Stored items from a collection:
# # # # #
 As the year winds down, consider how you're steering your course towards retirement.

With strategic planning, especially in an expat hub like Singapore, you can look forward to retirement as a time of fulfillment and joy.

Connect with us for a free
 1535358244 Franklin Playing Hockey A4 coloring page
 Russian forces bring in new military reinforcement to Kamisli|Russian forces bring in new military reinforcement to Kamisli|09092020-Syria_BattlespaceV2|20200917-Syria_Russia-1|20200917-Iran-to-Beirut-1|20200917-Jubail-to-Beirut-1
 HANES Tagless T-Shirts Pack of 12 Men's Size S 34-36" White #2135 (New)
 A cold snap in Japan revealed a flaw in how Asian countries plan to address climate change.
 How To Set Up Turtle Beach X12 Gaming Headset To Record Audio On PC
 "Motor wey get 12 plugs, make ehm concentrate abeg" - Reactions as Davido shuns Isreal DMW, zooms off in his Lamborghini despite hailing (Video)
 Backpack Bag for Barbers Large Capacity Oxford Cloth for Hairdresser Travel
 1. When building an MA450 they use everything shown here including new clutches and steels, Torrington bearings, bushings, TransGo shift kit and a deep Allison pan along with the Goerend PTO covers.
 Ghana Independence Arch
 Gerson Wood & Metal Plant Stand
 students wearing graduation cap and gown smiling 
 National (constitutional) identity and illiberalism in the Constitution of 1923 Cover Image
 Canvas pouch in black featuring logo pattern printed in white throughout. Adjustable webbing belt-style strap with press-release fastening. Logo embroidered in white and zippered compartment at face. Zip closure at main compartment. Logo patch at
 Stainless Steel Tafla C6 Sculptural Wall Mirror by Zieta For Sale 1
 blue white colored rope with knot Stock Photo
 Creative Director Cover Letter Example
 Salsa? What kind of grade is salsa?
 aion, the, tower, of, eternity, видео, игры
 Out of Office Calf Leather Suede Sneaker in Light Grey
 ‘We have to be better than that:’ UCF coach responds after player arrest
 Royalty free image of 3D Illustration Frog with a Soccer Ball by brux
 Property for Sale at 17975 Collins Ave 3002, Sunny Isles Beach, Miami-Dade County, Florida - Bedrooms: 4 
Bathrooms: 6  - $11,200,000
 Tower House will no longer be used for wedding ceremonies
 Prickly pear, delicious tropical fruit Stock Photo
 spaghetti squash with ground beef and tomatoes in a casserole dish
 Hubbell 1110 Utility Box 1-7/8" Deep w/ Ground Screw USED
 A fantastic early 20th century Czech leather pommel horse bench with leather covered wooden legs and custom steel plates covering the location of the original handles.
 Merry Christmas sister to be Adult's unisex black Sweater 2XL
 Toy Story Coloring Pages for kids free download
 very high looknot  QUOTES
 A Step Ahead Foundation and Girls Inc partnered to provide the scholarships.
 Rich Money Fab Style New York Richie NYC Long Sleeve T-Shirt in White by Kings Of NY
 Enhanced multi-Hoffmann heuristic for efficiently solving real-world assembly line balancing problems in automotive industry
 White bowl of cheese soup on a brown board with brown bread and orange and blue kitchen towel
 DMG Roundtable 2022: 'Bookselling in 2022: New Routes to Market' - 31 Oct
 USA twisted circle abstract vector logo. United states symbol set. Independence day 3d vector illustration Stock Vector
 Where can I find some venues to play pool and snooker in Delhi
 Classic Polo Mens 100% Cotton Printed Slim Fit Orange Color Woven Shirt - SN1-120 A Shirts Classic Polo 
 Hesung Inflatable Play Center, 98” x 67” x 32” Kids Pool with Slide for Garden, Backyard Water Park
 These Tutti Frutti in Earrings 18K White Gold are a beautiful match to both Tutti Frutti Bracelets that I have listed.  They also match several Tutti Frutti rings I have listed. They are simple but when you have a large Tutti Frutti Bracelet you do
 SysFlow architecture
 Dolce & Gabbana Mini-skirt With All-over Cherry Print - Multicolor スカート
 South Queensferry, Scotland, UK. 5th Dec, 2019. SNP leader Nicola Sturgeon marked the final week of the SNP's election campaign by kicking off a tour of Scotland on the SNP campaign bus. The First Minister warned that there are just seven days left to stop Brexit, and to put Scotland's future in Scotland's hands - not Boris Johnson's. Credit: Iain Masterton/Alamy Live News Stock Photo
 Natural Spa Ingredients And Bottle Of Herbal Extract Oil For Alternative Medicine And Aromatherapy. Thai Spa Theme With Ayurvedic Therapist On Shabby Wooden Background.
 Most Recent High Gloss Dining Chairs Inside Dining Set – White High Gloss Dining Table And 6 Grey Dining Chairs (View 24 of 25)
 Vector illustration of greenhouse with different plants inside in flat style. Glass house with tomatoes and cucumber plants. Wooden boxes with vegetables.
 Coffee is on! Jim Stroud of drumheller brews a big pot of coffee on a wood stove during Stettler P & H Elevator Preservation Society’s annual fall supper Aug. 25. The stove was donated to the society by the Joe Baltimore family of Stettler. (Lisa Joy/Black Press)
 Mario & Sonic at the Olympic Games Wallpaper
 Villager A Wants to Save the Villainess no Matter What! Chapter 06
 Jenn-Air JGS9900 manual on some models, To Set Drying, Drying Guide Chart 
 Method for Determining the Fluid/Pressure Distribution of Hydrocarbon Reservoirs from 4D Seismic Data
# # # # #
Prompt: Return every line above that contains the word "retirement".

Exercise response:
 As the year winds down, consider how you're steering your course towards retirement.
With strategic planning, especially in an expat hub like Singapore, you can look forward to retirement as a time of fulfillment and joy.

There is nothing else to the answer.